Le gouvernement haïtien et le parti au pouvoir Fanmi Lavalas ne semblent pas importunés par cette nouvelle résolution 806 de l'OEA. Le porte-parole de ce parti, Jonas Petit, a indiqué que la résolution a repris plusieurs positions déjà exprimées par son organisation, sans préciser lesquelles. «L'encadrement qu'une série d'institutions essaient de donner aux Haïtiens dans un conflit qu'ils ont, nous voyons que la résolution en grande partie a repris un ensemble d'éléments que nous avions déjà. Donc, nous souhaitons que nous continuerons avec les discussions et que nous parviendrons à une solution très bientôt», a déclaré Jonas Petit qui estime qu'on ne devrait pas se faire d'illusion sur la lenteur du processus d'implantation de la démocratie en Haïti. Quant à l'opposition, elle a joué le jeu, montrant sa déception face à une résolution dont elle avait espéré et annoncé qu'elle allait sanctionner sévèrement le régime Lavalas pour «son brigandage du 17 décembre», suivant les mots mêmes de Gérard Pierre-Charles de l'OPL/Convergence. Ils se seraient donc attendus, suivant les apparences, à un isolement immédiat du pouvoir, «conformément à l'article 21 de la Charte démocratique interaméricaine». Cette section s'applique «quand des situations surgissent dans un Etat membre qui puissent affecter le développement du processus institutionnel politique démocratique ou l'exercice légitime du pouvoir». «Nous autres de l'opposition démocratique haïtienne, nous sentons qu'il y a une nécessité pour que la communauté internationale prenne une décision claire et nette.

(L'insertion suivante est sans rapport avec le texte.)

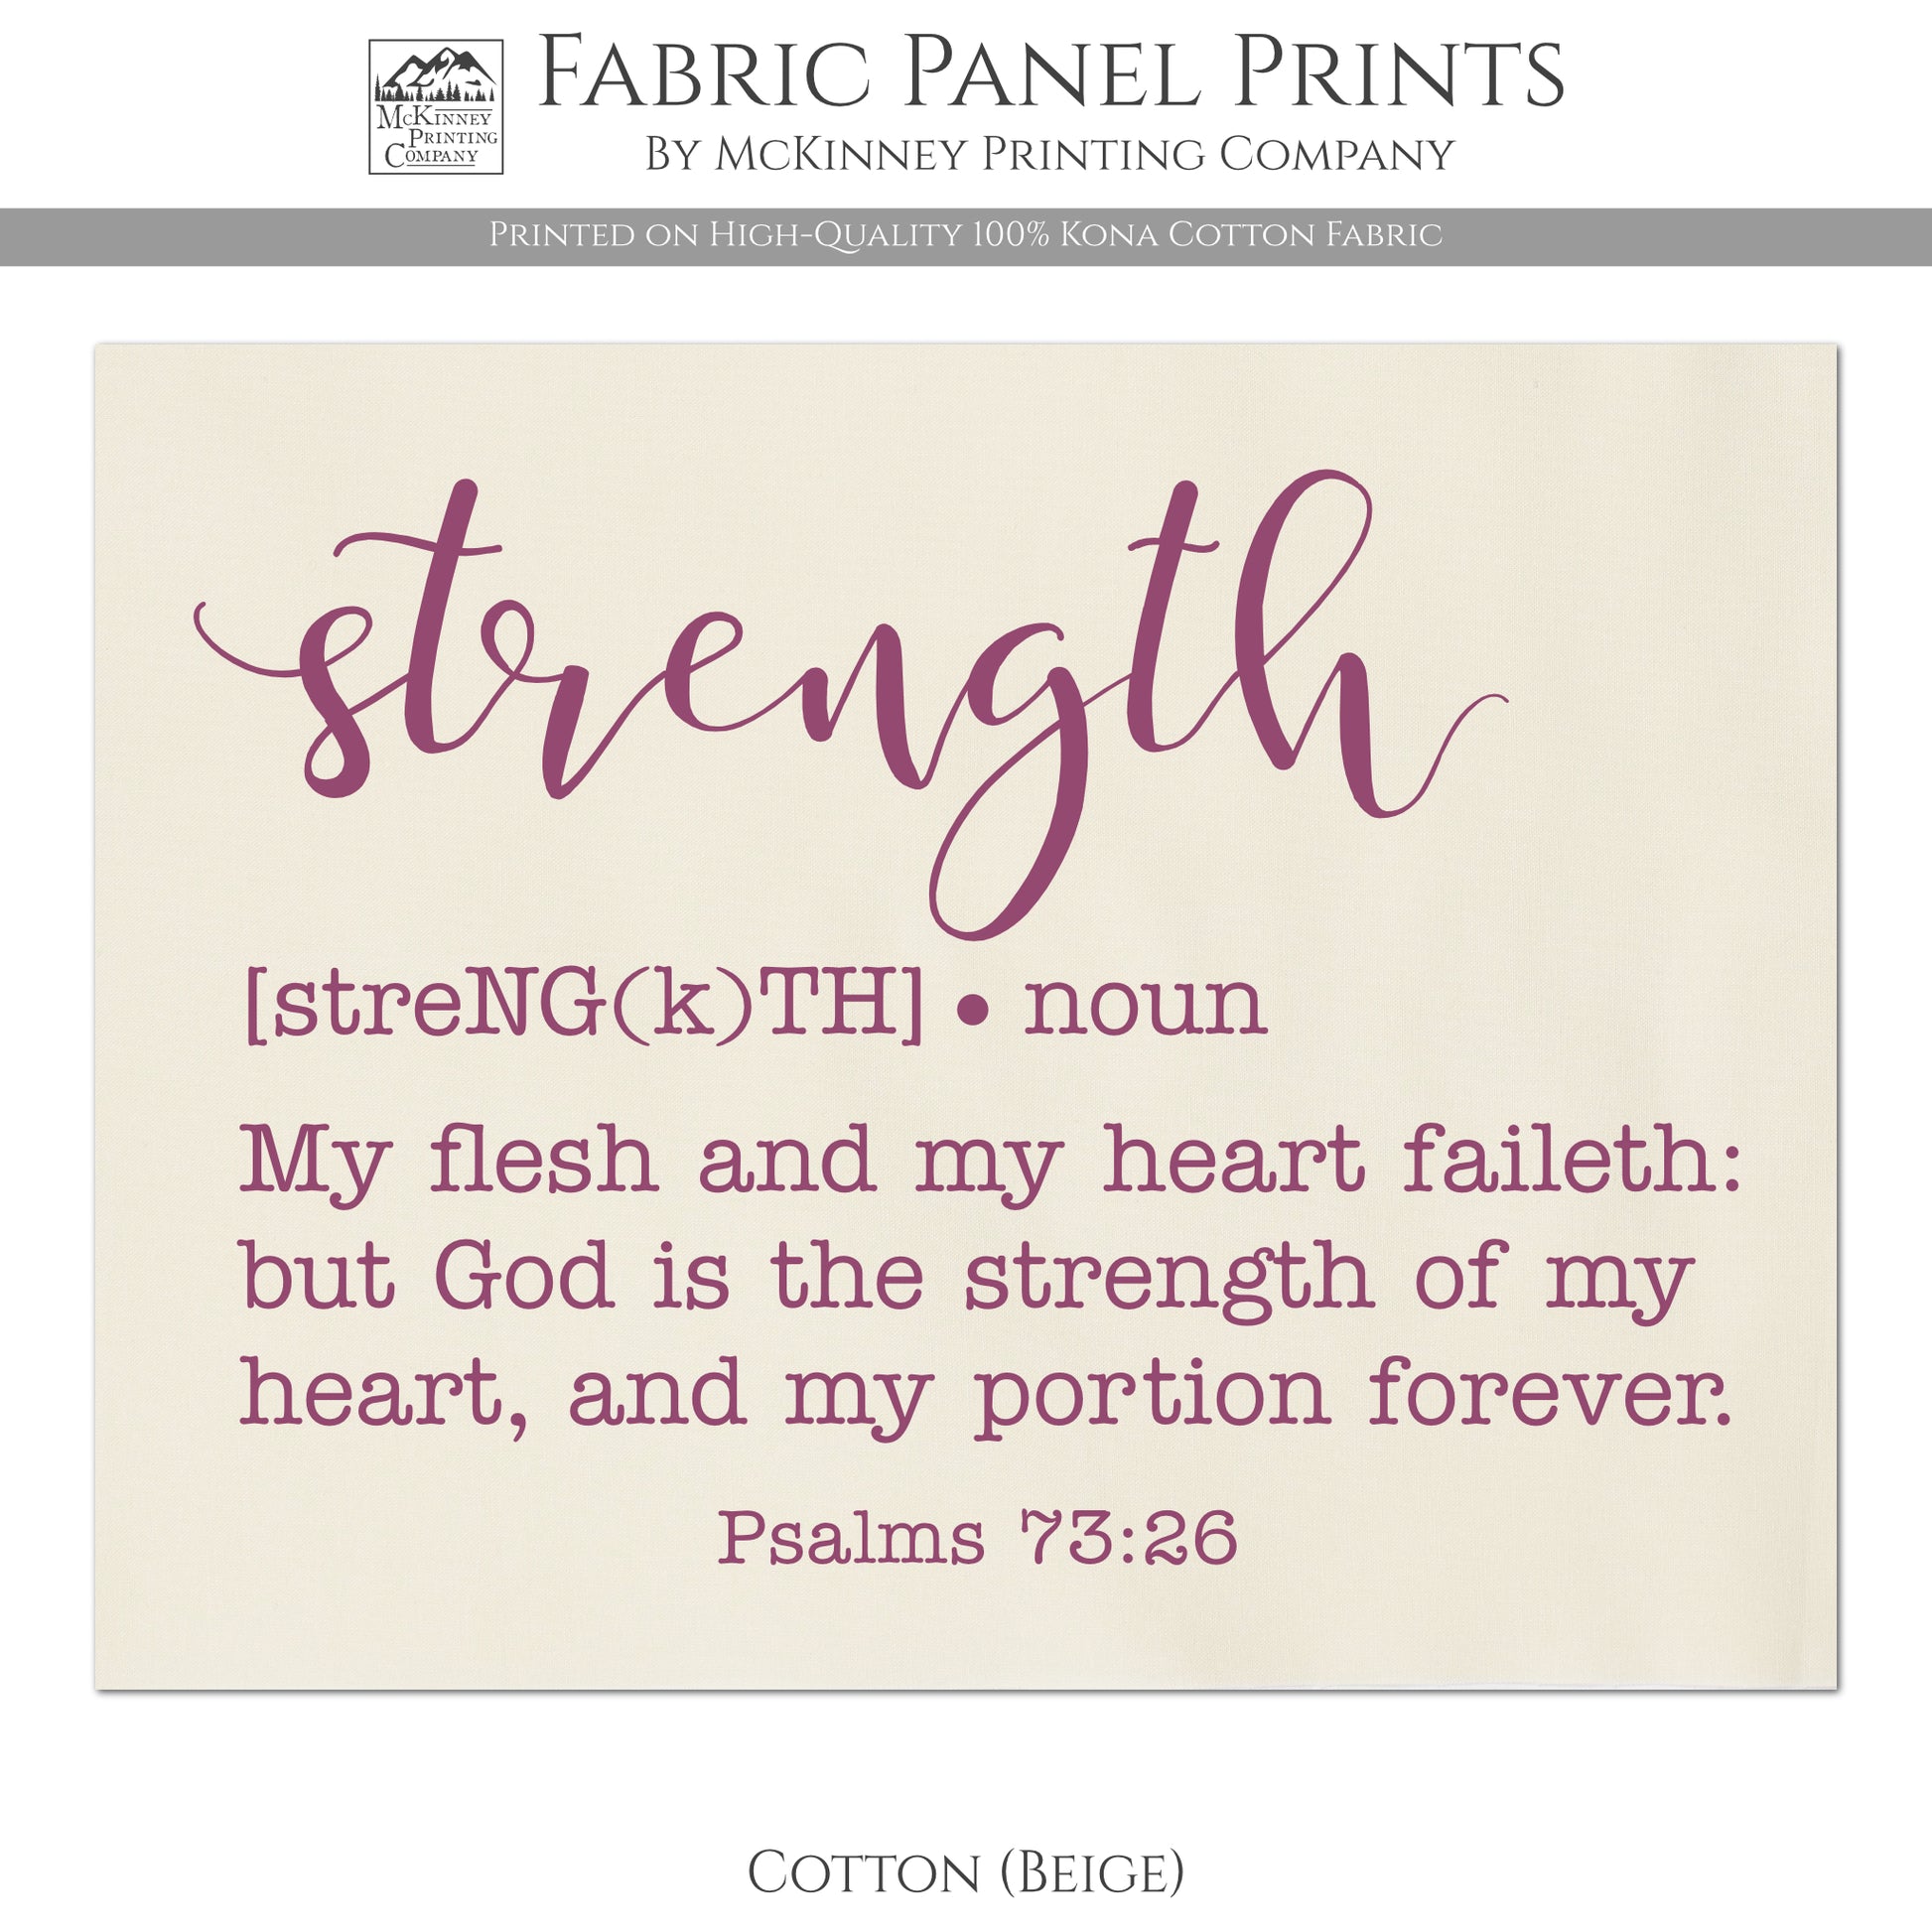 Strength - My Flesh and my heart faileth: but God is the strength of my heart, and my portion forever. Psalms 73:26 - Fabric Panel Print - Cotton

Cette affaire de jouer sur deux tableaux, c'est une chose qui n'aide pas à l'avancement, au renforcement du processus de négociations. Il faut une condamnation claire de ce qui s'est passé le 17 décembre de l'année 2001», a lancé le porte-parole de l'OPL/Convergence Paul Denis qui a poursuivi: «L'objectif toujours affiché de l'OEA, c'est qu'elle sert de facilitateur. Jusqu'à cette date l'OEA est un facilitateur. Il n'y aura pas de résolution de la crise si les parties haïtiennes ne s'entendent pas sur la façon de s'en sortir. L'OEA peut aider, mais l'OEA ne peut remplacer les parties et trouver une solution à leur place. En ce qui nous concerne, nous considérons que depuis le 17 décembre que Lavalas et M. Jean-Bertrand Aristide ont assassiné les négociations, les ont enterrées. Je ne sais pas peut-être avec la toute-puissance de l'OEA, on peut ressusciter le processus de négociations, mais pour nous autres il est mort et enterré.» C'est certainement une façon pour Denis et sa clique de faire de la surenchère, puisque sans le «ministère des Affaires coloniales de Washington», ainsi que l'OEA est officieusement désignée, ils savent très bien ne disposer d'aucun autre atout ni d'aucune représentativité. Un de leurs alliés, le vice-président de la Conférence épiscopale d'Haïti, Mgr Guire Poulard est pour sa part allé plus loin et a dénoncé ce qu'il appelle la mise en scène de l'OEA. «Je savais que rien n'en sortirait. Je crois que l'OEA a perdu la face. L'OEA n'est pas compétente pour régler le problème d'Haïti. D'ailleurs, ce n'est aucune organisation internationale qui réglera rien pour nous; nous sommes les premiers acteurs», a-t-il déclaré assez confusément pour exprimer toute l'impatience de la Convergence.